Отсутствовала она не очень долго, папку вернула на место и принялась будить Смыкова поцелуями.
Ни одна бумага не пропала, но на некоторые налипли мокрые песчинки. В тот же вечер он честно признался во всем особисту и был водворен на гауптвахту, оборудованную в бывшем винном подвале бывшего господского дома. Там Смыков провел двое суток, на третьи получил устную благодарность командира части за проявленную бдительность и первым же транспортом был отправлен на родину.
Дальнейшая судьба коварной Рамоны осталась неизвестна Смыкову, хотя он мог дать голову на отсечение, что это были не происки цэрэушников или пресловутых «гусанос», а интриги своих же контрразведчиков, не привыкших ждать у моря погоды и поэтому активно ковавших врагов собственными руками.
Как бы то ни было, но ефрейтор Смыков на этой истории заработал не только приличную служебную характеристику, но даже юбилейную медаль к столетию вождя. Все это впоследствии помогло ему пролезть в органы милиции, стать кандидатом в члены партии и поступить на заочное отделение юрфака.
После третьего курса он уже имел на погонах две звездочки и работал следователем Талашевского райотдела внутренних дел. Въедливый, дотошный, почти не пьющий и не чуравшийся рутинной работы. Смыков вскоре оказался в фаворе у высокого начальства. Он научился усмирять редкие, но буйные вспышки похоти, и несколько скоротечных романов с отборными распутницами и нимфоманками никак не отразились на его служебной карьере. Женщины скромные, целомудренные, с нормальными сексуальными запросами Смыкова абсолютно не интересовали. Ясно, что человек с такими склонностями семью заводить не стремился.
Работа следователя была напрочь лишена всякого намека на романтику, зато выматывала до упора. На каждого из коллег Смыкова валили по пятнадцать-двадцать дел в месяц. В бездонном море постановлений на арест, актов экспертизы, протоколов допросов, ходатайств, справок, характеристик, отказных материалов и частных определений они барахтались, как цуцики в выгребной яме.

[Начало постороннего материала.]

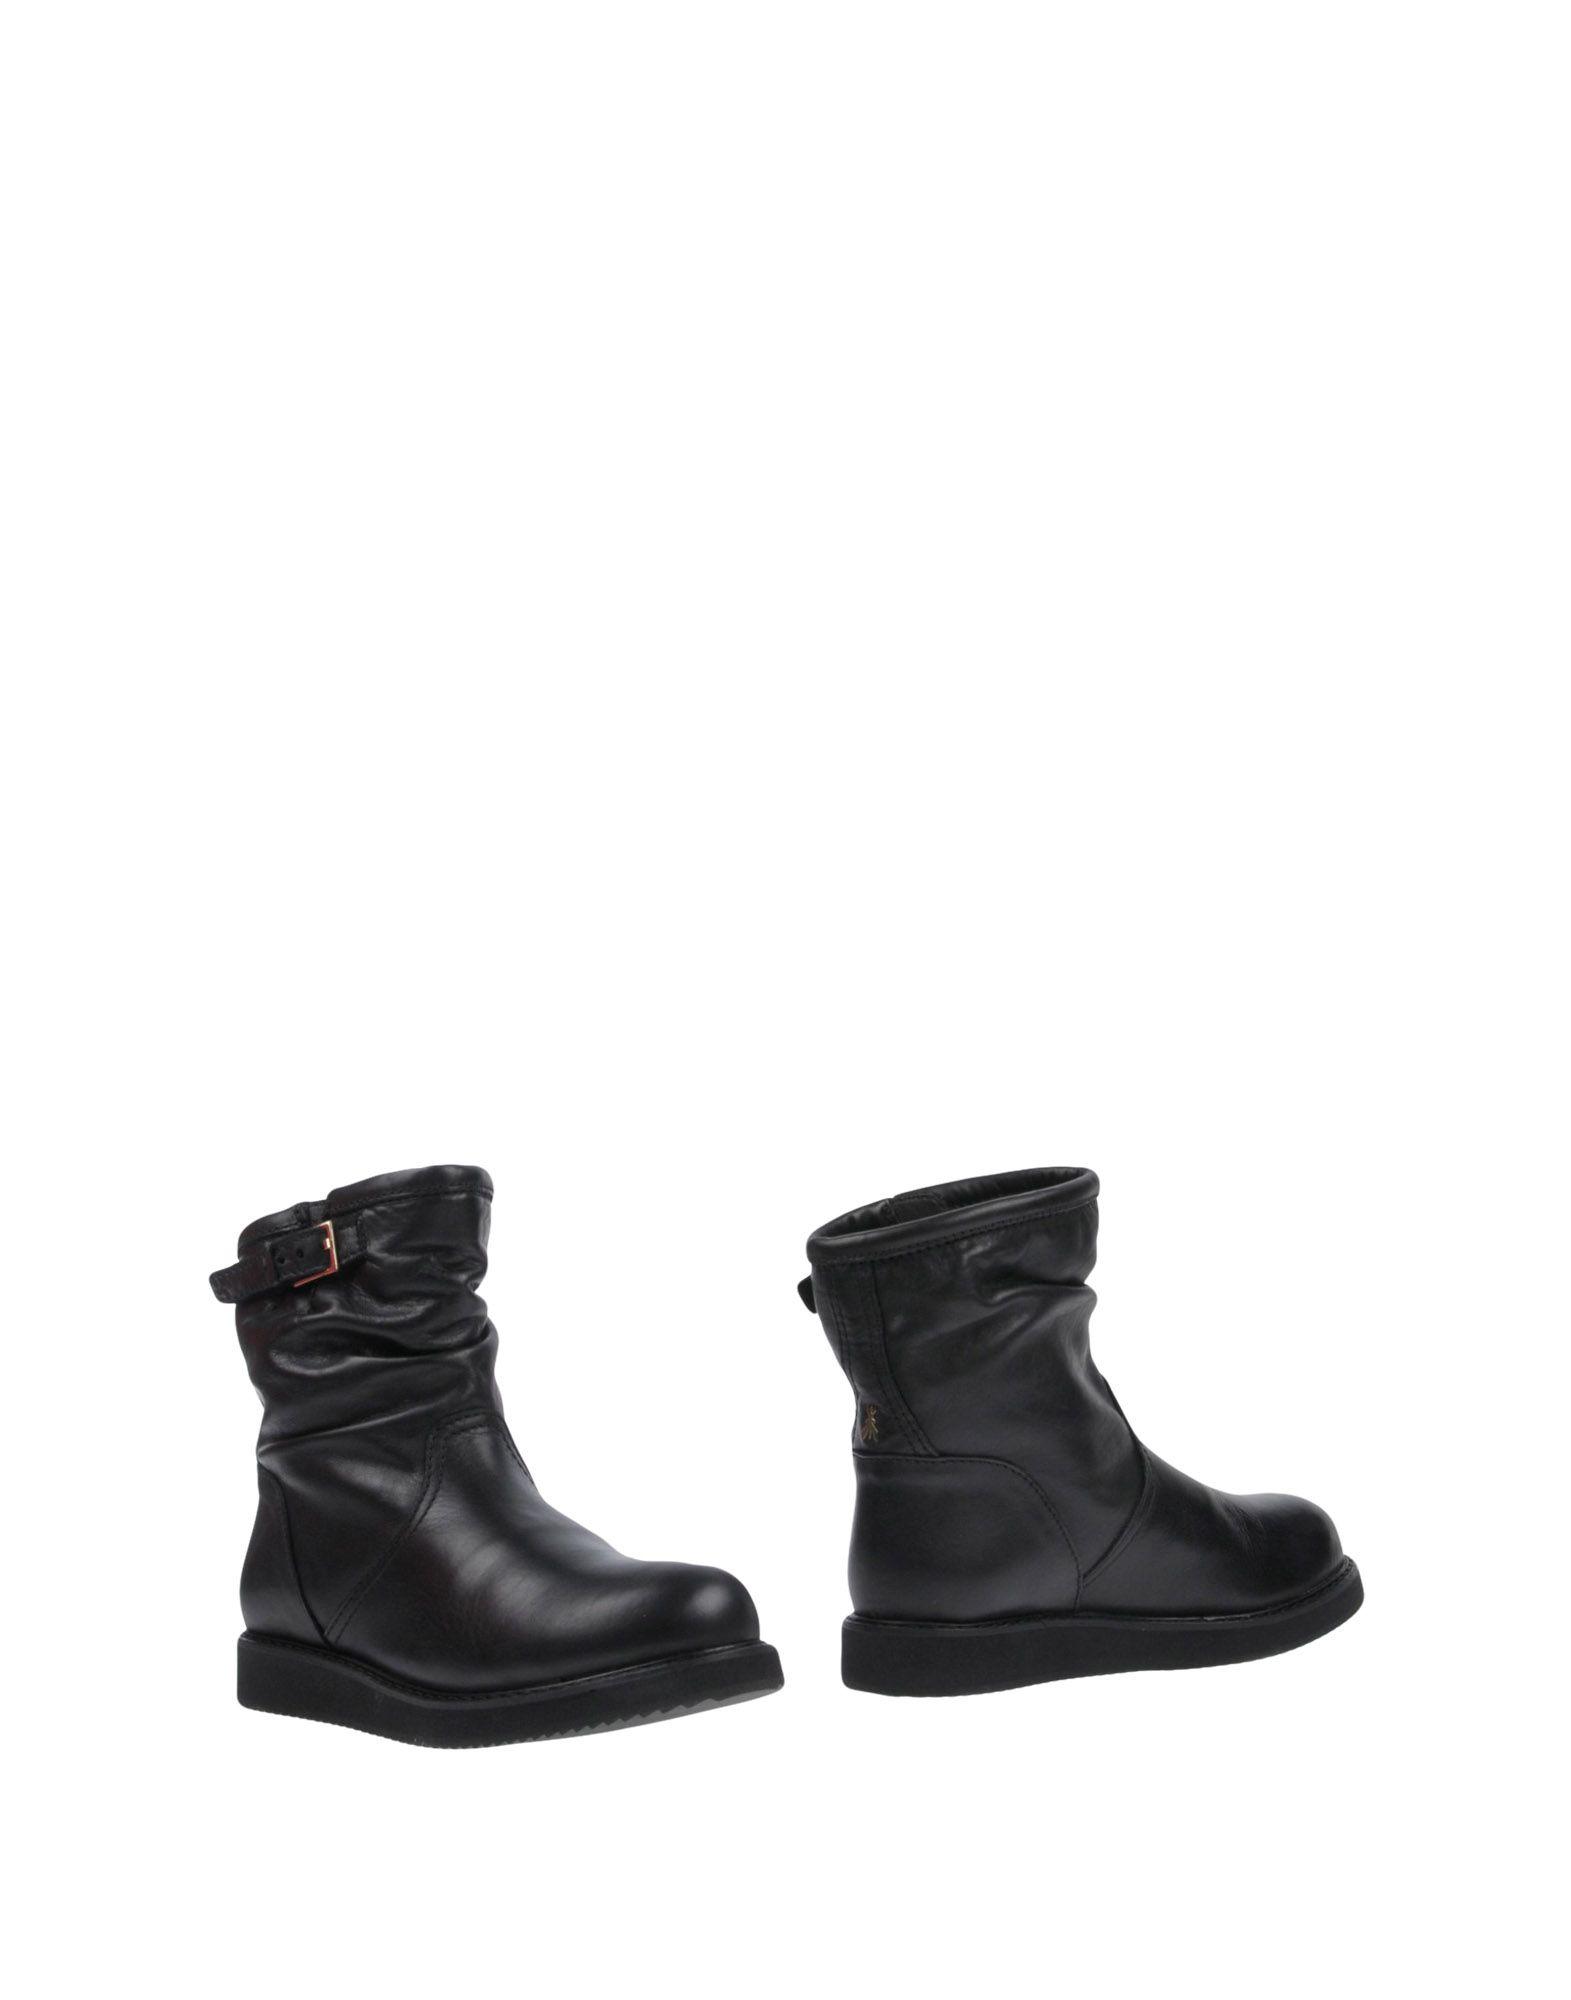 Patrizia Pepe Stiefelette Damen   Damen 11455220DJGut aussehende strapazierfähige Schuhe e85f74

Для того чтобы разобраться с причинами пожара в интернате для глухонемых, необходимо было не только проштудировать весь свод правил пожарной безопасности, но еще и кучу ведомственных инструкций собеса. Оформление дела о краже курицы отнимало столько же времени, что и убийство при отягчающих обстоятельствах.

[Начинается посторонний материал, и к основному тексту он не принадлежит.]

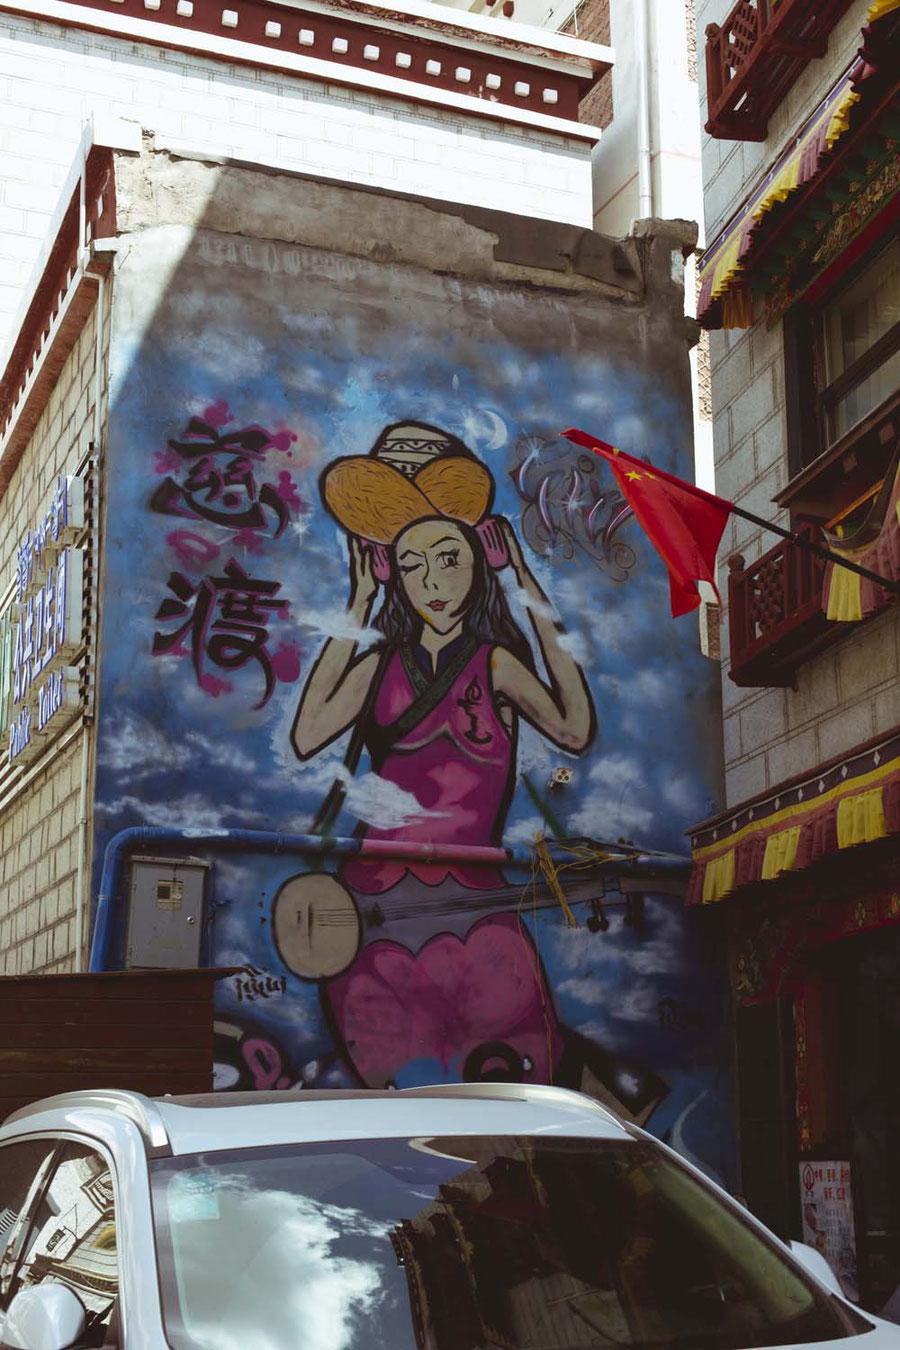 Modern sights, Lhasa, Tibet, China

На следователя давили со всех сторон: судья требовал неукоснительно соблюдать сроки расследования, прокурор — глубже вскрыть причины правонарушений, начальник милиции, наоборот, — рубить все побочные ветви и гнать вверх процент раскрываемости. Партийные органы вообще творили все, что хотели, — то заставляли возбуждать липовые дела, то замазывать действительно серьезные преступления. В этой стране у Фемиды давно отняли меч и весы, зато оставили повязку на глазах, чтобы все, кому не лень, могли безнаказанно насиловать бедную женщину.
У каждого подследственного были покровители, друзья и родственники, которые упрашивали, грозили, сулили взятки, падали на колени, посылали подметные письма и строчили жалобы в высшие инстанции. Весь рабочий день следователя был сплошным стрессом, и ничего удивительного, что алкоголизм стал для них таким же профессиональным заболеванием, как силикоз для шахтеров.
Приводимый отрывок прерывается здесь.